Kurz vor Jahresende erreichte mich der neue Gedichtband von Ludwig Steinherr mit dem Titel »Zur Geburt einer Ming-Vase«. Nach Steinherr kann man in den letzten Jahren fast die Uhr stellen. Zum Herbst hin erscheint zuverlässig und pünktlich ein neuer Band. Wer nun glaubt, diese Produktivität müsse irgendwann zu Lasten der Qualität gehen, darf sich gern vom Gegenteil überzeugen: In jedem Band finden sich Gedichte, die man sich hinter den Spiegel stecken möchte, um täglich daran erinnert zu werden, welche Qualität möglich ist. Die Gedichte speisen sich aus Universalbildung, inspirierten Sprachbildern, wie »die schöne Trauerweide auf dem Parkplatz / die sich nachts heimlich ritzt« und nicht zuletzt dem Gespür für verblüffende Parallelen. Wann hat jemand schon die eigene Tochter mit einer Ming-Vase verglichen?

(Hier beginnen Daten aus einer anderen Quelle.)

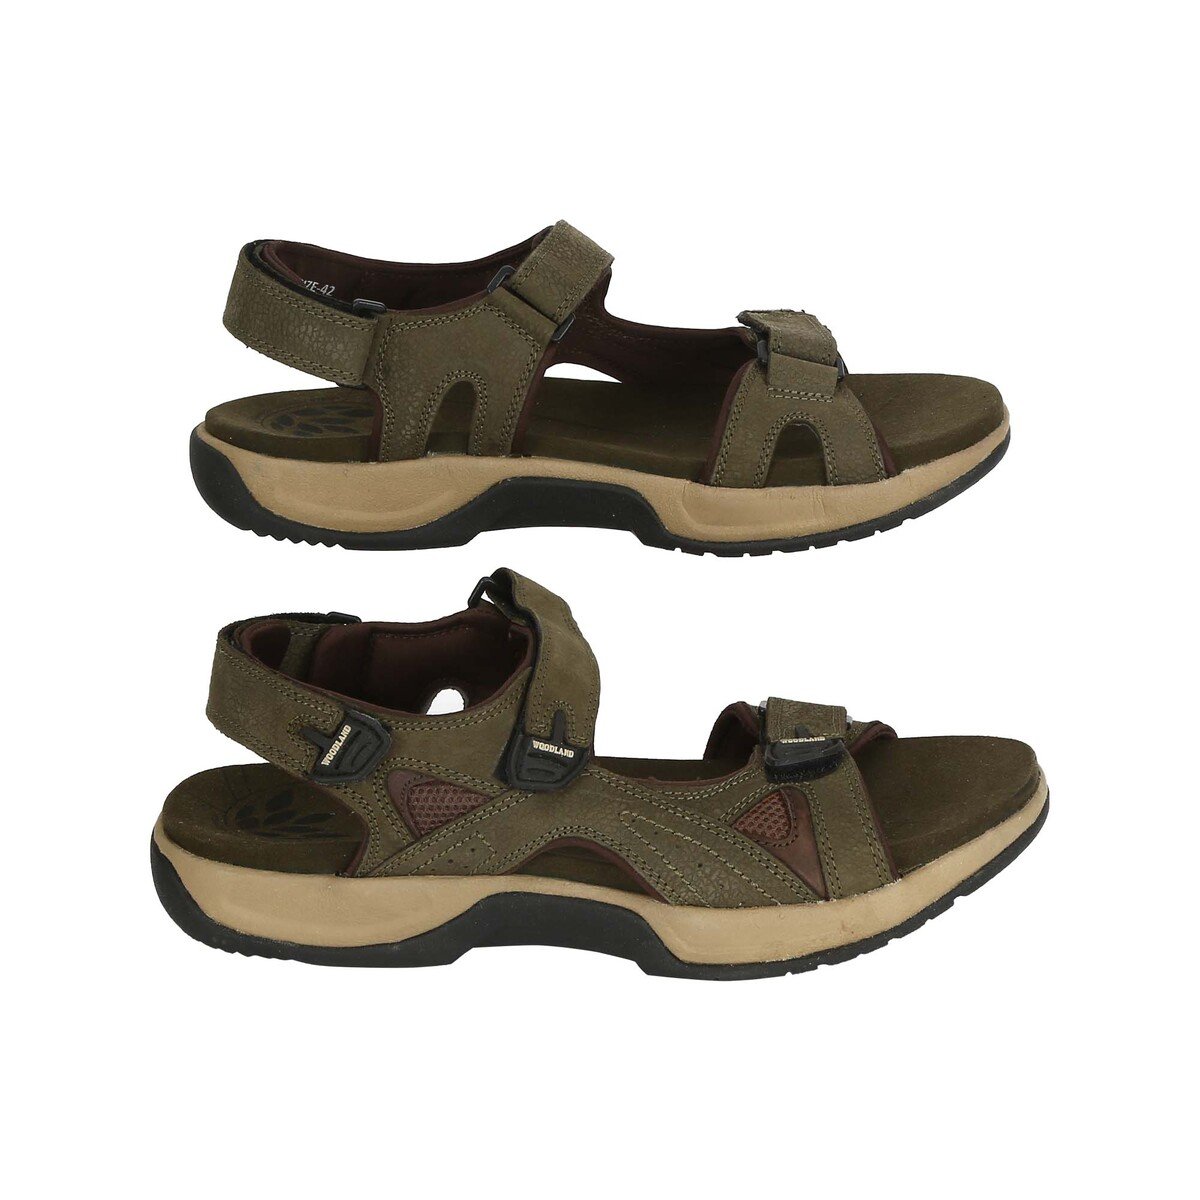 Woodland Men's Sandal GD1608114 Olive Green, 43

Was zunächst so klingt, wie die distanzierte Anpreisung einer Kostbarkeit, entpuppt sich als die Sorge eines Vaters, der die Tochter möglichst ohne Sprünge und Absplitterungen durch Kindheit und Jugend bringen will und dabei oft an die Grenzen gerät: »Da läufst du, Blut schwitzend / während die Vase auf dem Sattel / schlackert / und der Bordstein drohend grinst –«.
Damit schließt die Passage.